Retype all of the data without changing a single word.

---------- Exercise material

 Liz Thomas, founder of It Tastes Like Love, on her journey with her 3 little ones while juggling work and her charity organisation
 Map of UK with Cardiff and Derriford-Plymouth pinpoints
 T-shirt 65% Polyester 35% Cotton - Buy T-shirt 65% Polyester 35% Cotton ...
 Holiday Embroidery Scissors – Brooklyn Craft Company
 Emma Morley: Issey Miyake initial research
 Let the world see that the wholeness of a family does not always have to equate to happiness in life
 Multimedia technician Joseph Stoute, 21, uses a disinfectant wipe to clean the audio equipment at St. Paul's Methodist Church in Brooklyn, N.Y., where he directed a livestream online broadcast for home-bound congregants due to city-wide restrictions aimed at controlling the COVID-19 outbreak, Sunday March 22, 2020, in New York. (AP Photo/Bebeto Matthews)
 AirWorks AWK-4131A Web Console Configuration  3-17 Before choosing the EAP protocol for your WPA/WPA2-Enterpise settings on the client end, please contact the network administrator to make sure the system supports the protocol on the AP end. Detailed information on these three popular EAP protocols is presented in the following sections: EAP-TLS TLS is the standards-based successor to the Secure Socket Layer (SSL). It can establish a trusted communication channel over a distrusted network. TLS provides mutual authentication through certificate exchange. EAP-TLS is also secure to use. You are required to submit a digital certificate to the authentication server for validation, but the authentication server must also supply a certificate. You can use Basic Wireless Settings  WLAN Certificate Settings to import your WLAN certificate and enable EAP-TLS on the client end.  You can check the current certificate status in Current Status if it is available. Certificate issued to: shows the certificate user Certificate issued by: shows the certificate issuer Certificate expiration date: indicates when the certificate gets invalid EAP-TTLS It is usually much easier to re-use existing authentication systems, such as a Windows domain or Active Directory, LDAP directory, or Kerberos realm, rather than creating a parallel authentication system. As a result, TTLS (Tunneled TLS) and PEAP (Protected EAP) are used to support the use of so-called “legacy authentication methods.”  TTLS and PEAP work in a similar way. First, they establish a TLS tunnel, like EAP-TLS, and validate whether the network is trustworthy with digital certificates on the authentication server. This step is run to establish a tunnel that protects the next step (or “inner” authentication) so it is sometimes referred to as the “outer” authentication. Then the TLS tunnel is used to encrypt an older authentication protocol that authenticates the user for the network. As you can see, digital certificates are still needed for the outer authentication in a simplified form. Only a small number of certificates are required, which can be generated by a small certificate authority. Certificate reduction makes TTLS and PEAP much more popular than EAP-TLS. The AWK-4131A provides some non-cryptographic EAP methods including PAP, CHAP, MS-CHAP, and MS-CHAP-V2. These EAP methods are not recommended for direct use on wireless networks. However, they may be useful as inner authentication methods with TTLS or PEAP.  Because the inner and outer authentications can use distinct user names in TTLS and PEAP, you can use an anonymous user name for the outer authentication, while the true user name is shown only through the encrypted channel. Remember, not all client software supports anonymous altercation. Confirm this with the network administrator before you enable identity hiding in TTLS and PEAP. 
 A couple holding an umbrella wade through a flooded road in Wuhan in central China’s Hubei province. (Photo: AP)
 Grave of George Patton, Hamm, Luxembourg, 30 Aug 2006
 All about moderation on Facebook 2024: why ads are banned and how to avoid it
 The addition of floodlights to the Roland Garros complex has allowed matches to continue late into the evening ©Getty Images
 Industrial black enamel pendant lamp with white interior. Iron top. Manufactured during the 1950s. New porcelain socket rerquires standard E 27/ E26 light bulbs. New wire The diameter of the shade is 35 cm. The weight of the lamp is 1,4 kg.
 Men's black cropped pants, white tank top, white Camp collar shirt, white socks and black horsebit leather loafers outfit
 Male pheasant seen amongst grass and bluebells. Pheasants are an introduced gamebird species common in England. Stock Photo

--------------------

*Answer for this exercise:*
 Liz Thomas, founder of It Tastes Like Love, on her journey with her 3 little ones while juggling work and her charity organisation
 Map of UK with Cardiff and Derriford-Plymouth pinpoints
 T-shirt 65% Polyester 35% Cotton - Buy T-shirt 65% Polyester 35% Cotton ...
 Holiday Embroidery Scissors – Brooklyn Craft Company
 Emma Morley: Issey Miyake initial research
 Let the world see that the wholeness of a family does not always have to equate to happiness in life
 Multimedia technician Joseph Stoute, 21, uses a disinfectant wipe to clean the audio equipment at St. Paul's Methodist Church in Brooklyn, N.Y., where he directed a livestream online broadcast for home-bound congregants due to city-wide restrictions aimed at controlling the COVID-19 outbreak, Sunday March 22, 2020, in New York. (AP Photo/Bebeto Matthews)
 AirWorks AWK-4131A Web Console Configuration  3-17 Before choosing the EAP protocol for your WPA/WPA2-Enterpise settings on the client end, please contact the network administrator to make sure the system supports the protocol on the AP end. Detailed information on these three popular EAP protocols is presented in the following sections: EAP-TLS TLS is the standards-based successor to the Secure Socket Layer (SSL). It can establish a trusted communication channel over a distrusted network. TLS provides mutual authentication through certificate exchange. EAP-TLS is also secure to use. You are required to submit a digital certificate to the authentication server for validation, but the authentication server must also supply a certificate. You can use Basic Wireless Settings  WLAN Certificate Settings to import your WLAN certificate and enable EAP-TLS on the client end.  You can check the current certificate status in Current Status if it is available. Certificate issued to: shows the certificate user Certificate issued by: shows the certificate issuer Certificate expiration date: indicates when the certificate gets invalid EAP-TTLS It is usually much easier to re-use existing authentication systems, such as a Windows domain or Active Directory, LDAP directory, or Kerberos realm, rather than creating a parallel authentication system. As a result, TTLS (Tunneled TLS) and PEAP (Protected EAP) are used to support the use of so-called “legacy authentication methods.”  TTLS and PEAP work in a similar way. First, they establish a TLS tunnel, like EAP-TLS, and validate whether the network is trustworthy with digital certificates on the authentication server. This step is run to establish a tunnel that protects the next step (or “inner” authentication) so it is sometimes referred to as the “outer” authentication. Then the TLS tunnel is used to encrypt an older authentication protocol that authenticates the user for the network. As you can see, digital certificates are still needed for the outer authentication in a simplified form. Only a small number of certificates are required, which can be generated by a small certificate authority. Certificate reduction makes TTLS and PEAP much more popular than EAP-TLS. The AWK-4131A provides some non-cryptographic EAP methods including PAP, CHAP, MS-CHAP, and MS-CHAP-V2. These EAP methods are not recommended for direct use on wireless networks. However, they may be useful as inner authentication methods with TTLS or PEAP.  Because the inner and outer authentications can use distinct user names in TTLS and PEAP, you can use an anonymous user name for the outer authentication, while the true user name is shown only through the encrypted channel. Remember, not all client software supports anonymous altercation. Confirm this with the network administrator before you enable identity hiding in TTLS and PEAP. 
 A couple holding an umbrella wade through a flooded road in Wuhan in central China’s Hubei province. (Photo: AP)
 Grave of George Patton, Hamm, Luxembourg, 30 Aug 2006
 All about moderation on Facebook 2024: why ads are banned and how to avoid it
 The addition of floodlights to the Roland Garros complex has allowed matches to continue late into the evening ©Getty Images
 Industrial black enamel pendant lamp with white interior. Iron top. Manufactured during the 1950s. New porcelain socket rerquires standard E 27/ E26 light bulbs. New wire The diameter of the shade is 35 cm. The weight of the lamp is 1,4 kg.
 Men's black cropped pants, white tank top, white Camp collar shirt, white socks and black horsebit leather loafers outfit
 Male pheasant seen amongst grass and bluebells. Pheasants are an introduced gamebird species common in England. Stock Photo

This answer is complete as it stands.